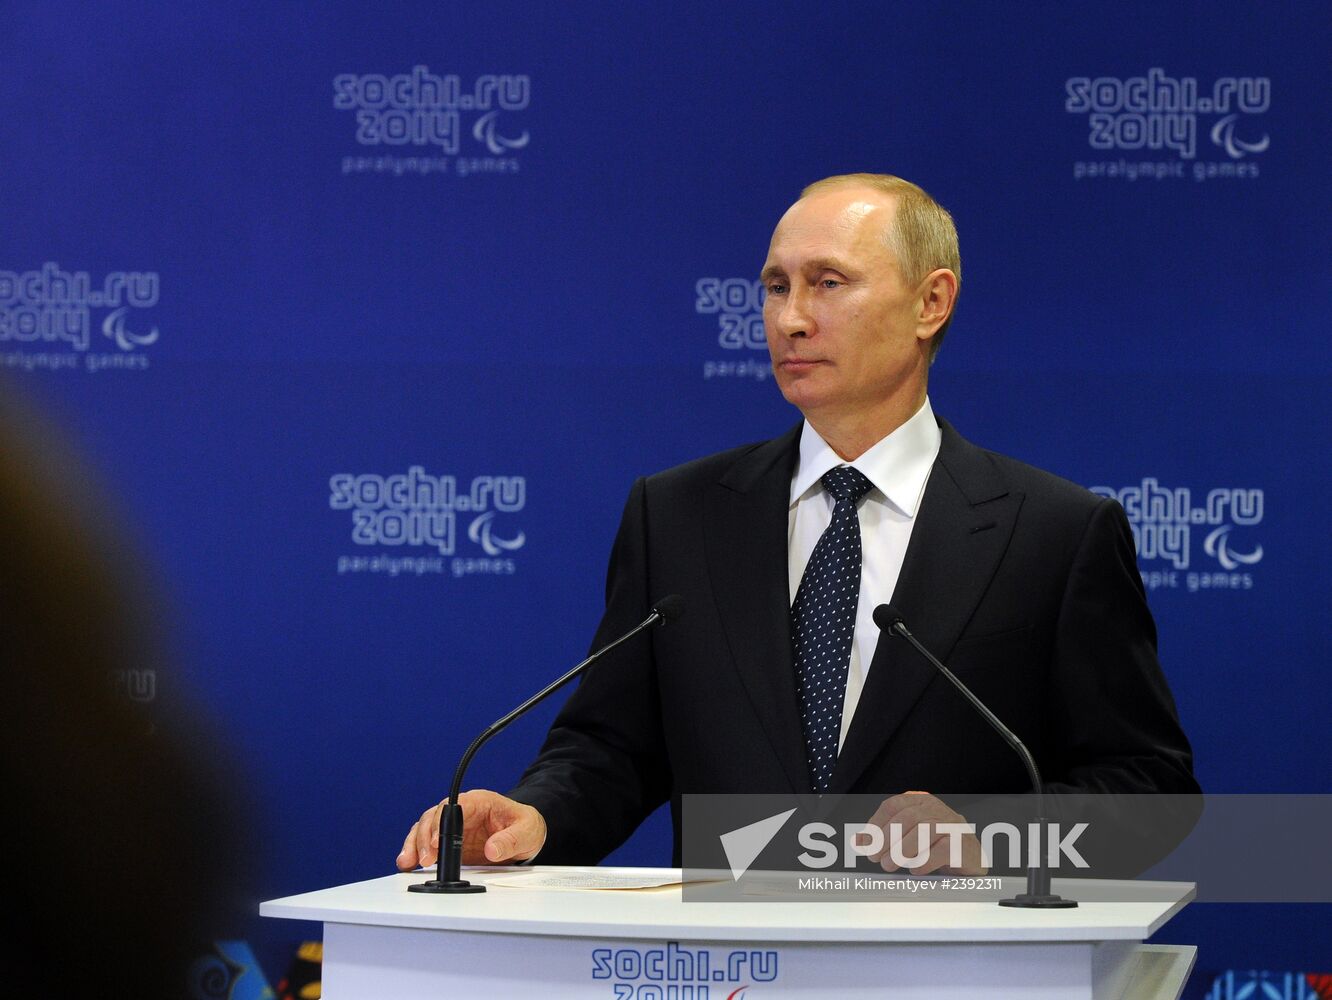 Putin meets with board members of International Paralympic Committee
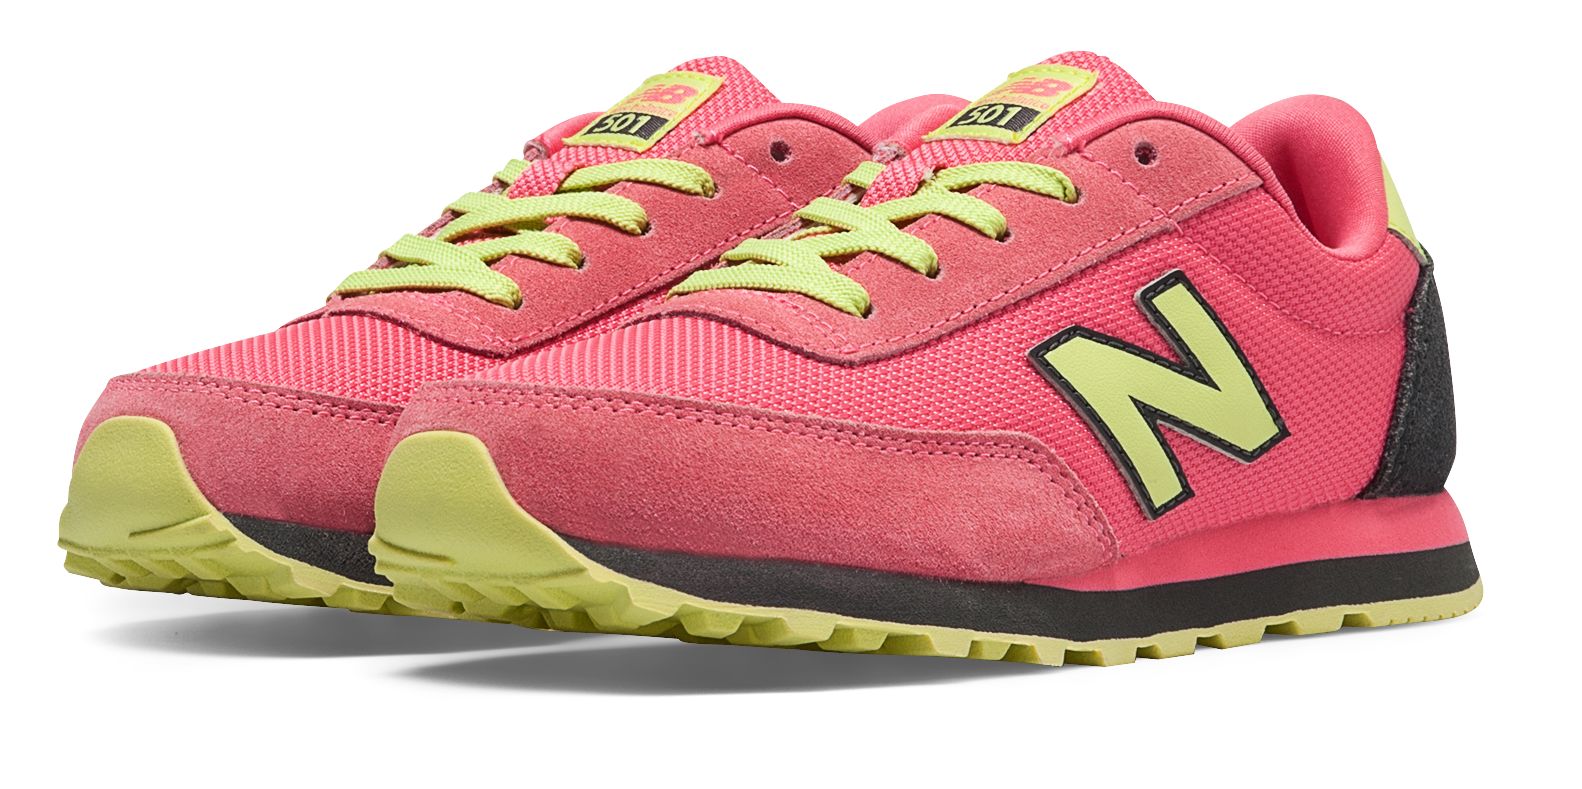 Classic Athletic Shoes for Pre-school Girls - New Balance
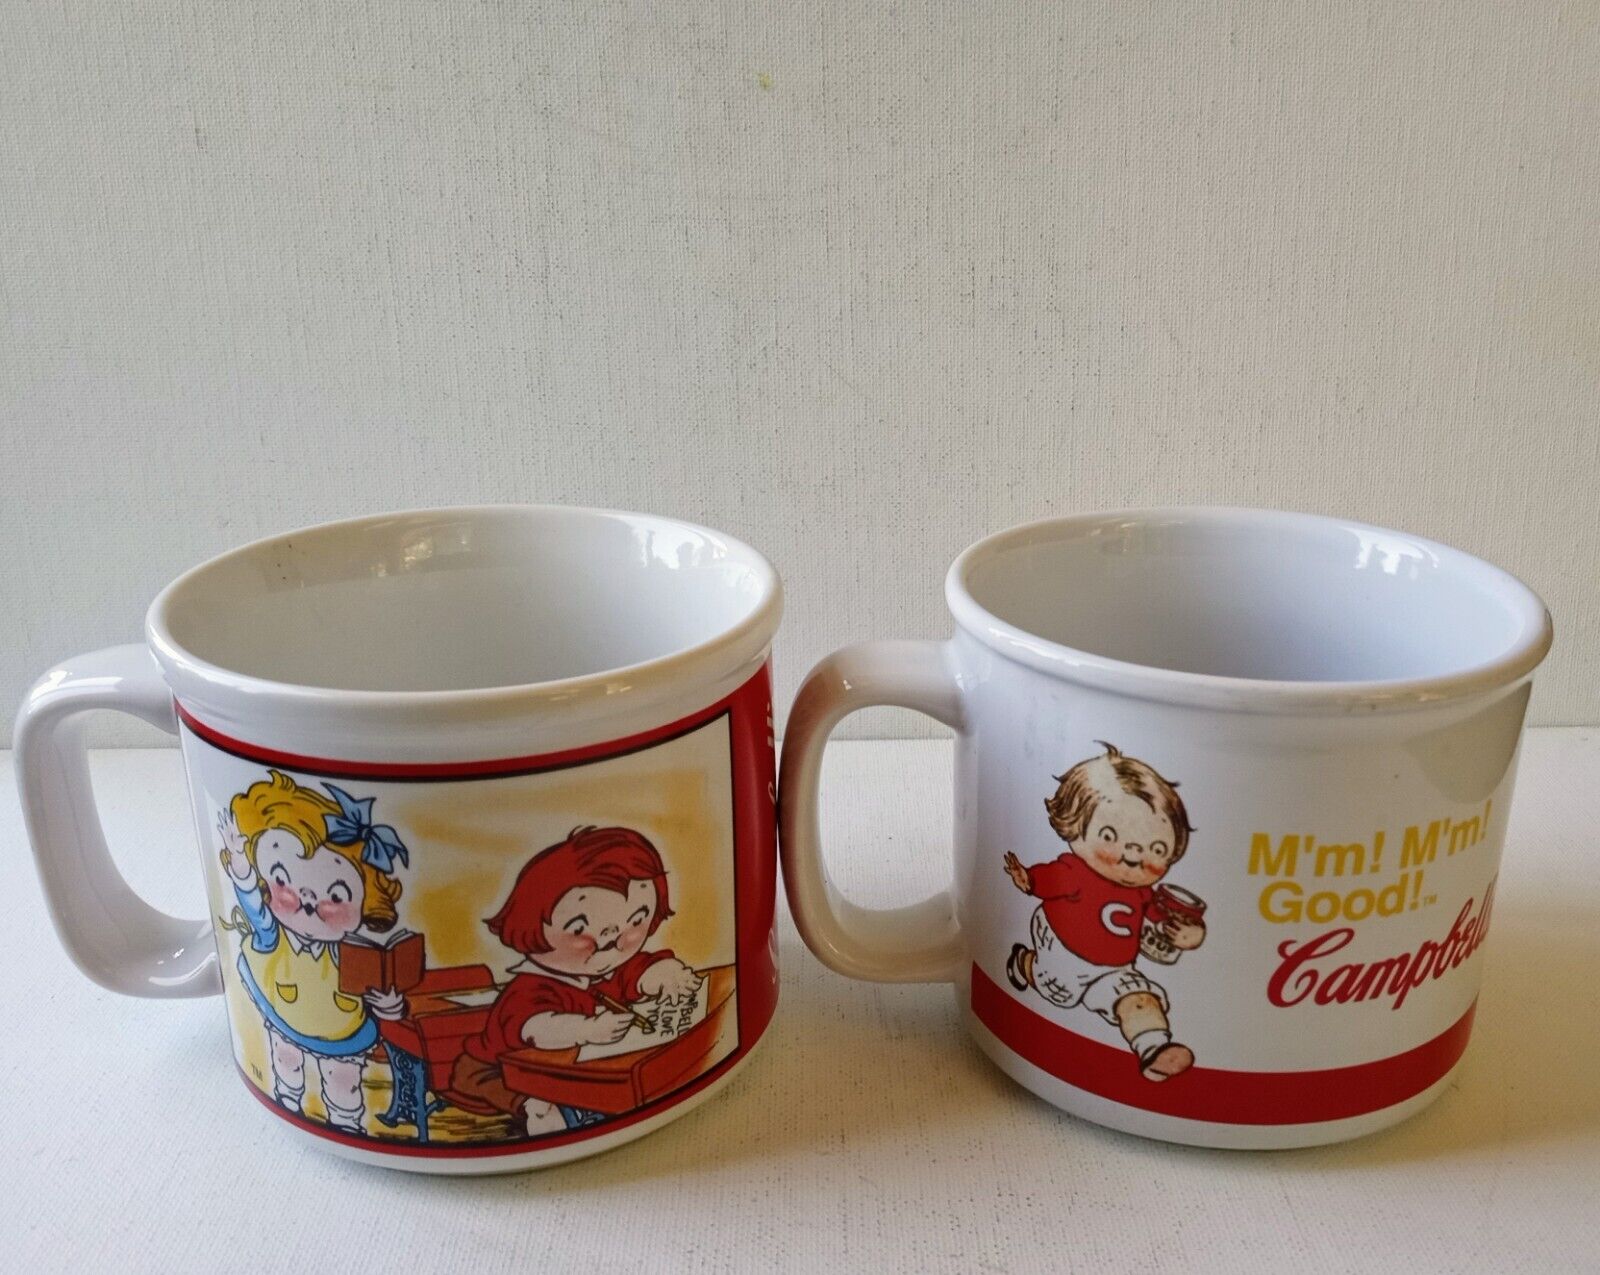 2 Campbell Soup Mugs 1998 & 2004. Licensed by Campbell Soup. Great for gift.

...

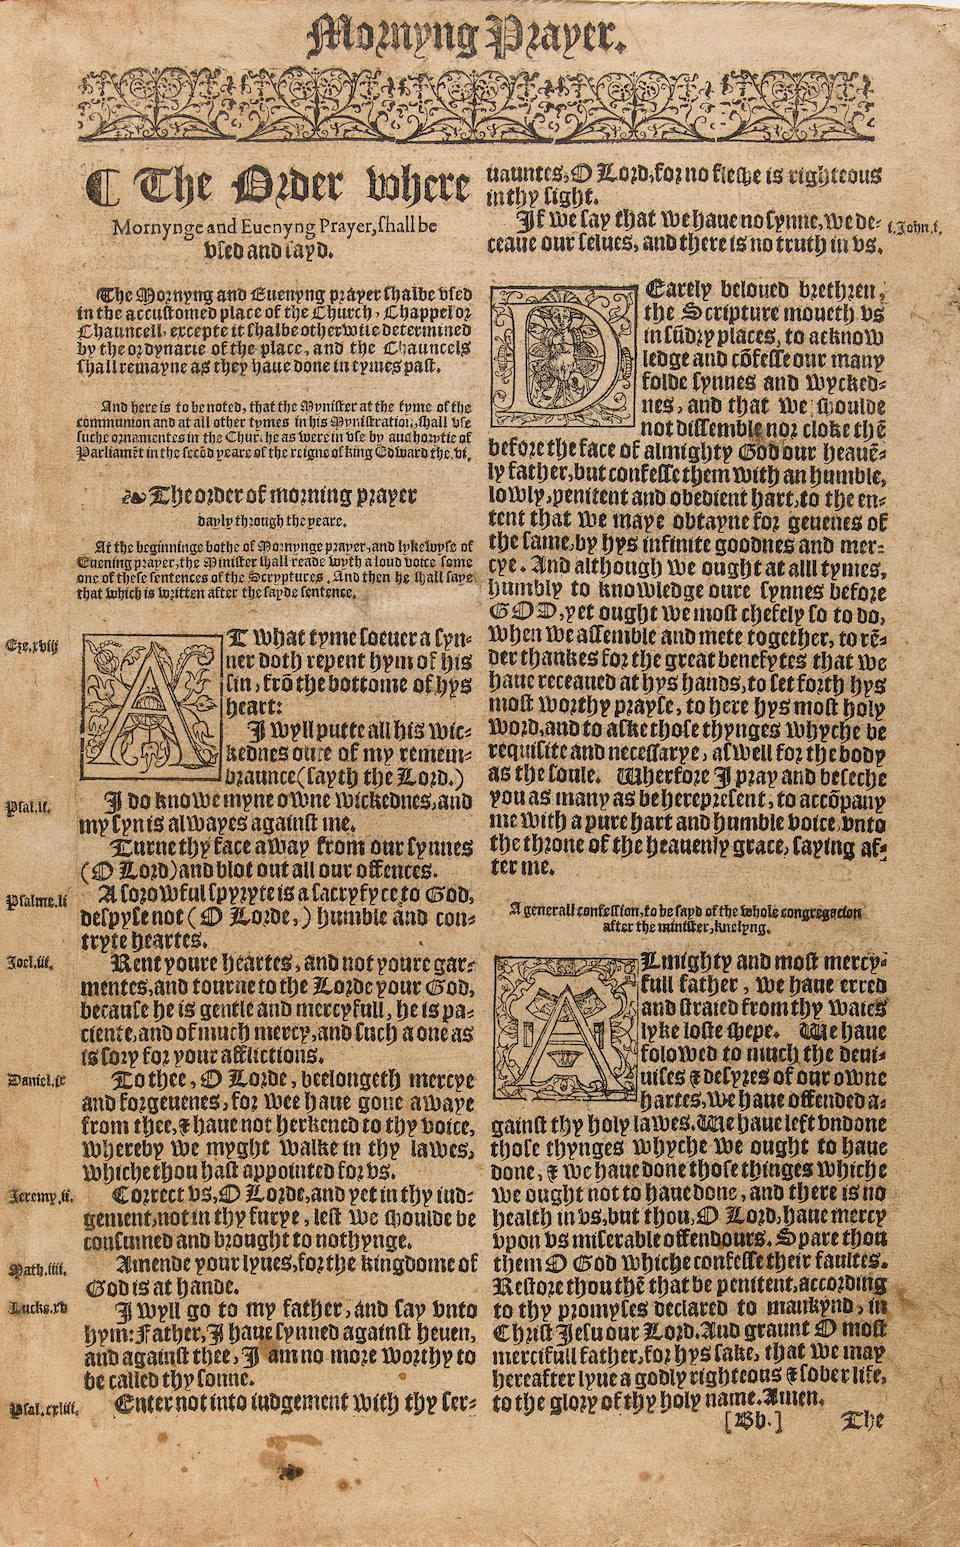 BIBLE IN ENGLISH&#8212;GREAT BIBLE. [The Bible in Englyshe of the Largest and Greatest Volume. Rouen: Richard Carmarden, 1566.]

WORK TO COMPLETE →
Nothing but the lines above from the one that has "Classic Athletic Shoes" down to the one that has "2 Campbell Soup" belongs in the answer, copied exactly, without pictures.

ANSWER SPACE →
 Classic Athletic Shoes for Pre-school Girls - New Balance
 2 Campbell Soup Mugs 1998 & 2004. Licensed by Campbell Soup. Great for gift.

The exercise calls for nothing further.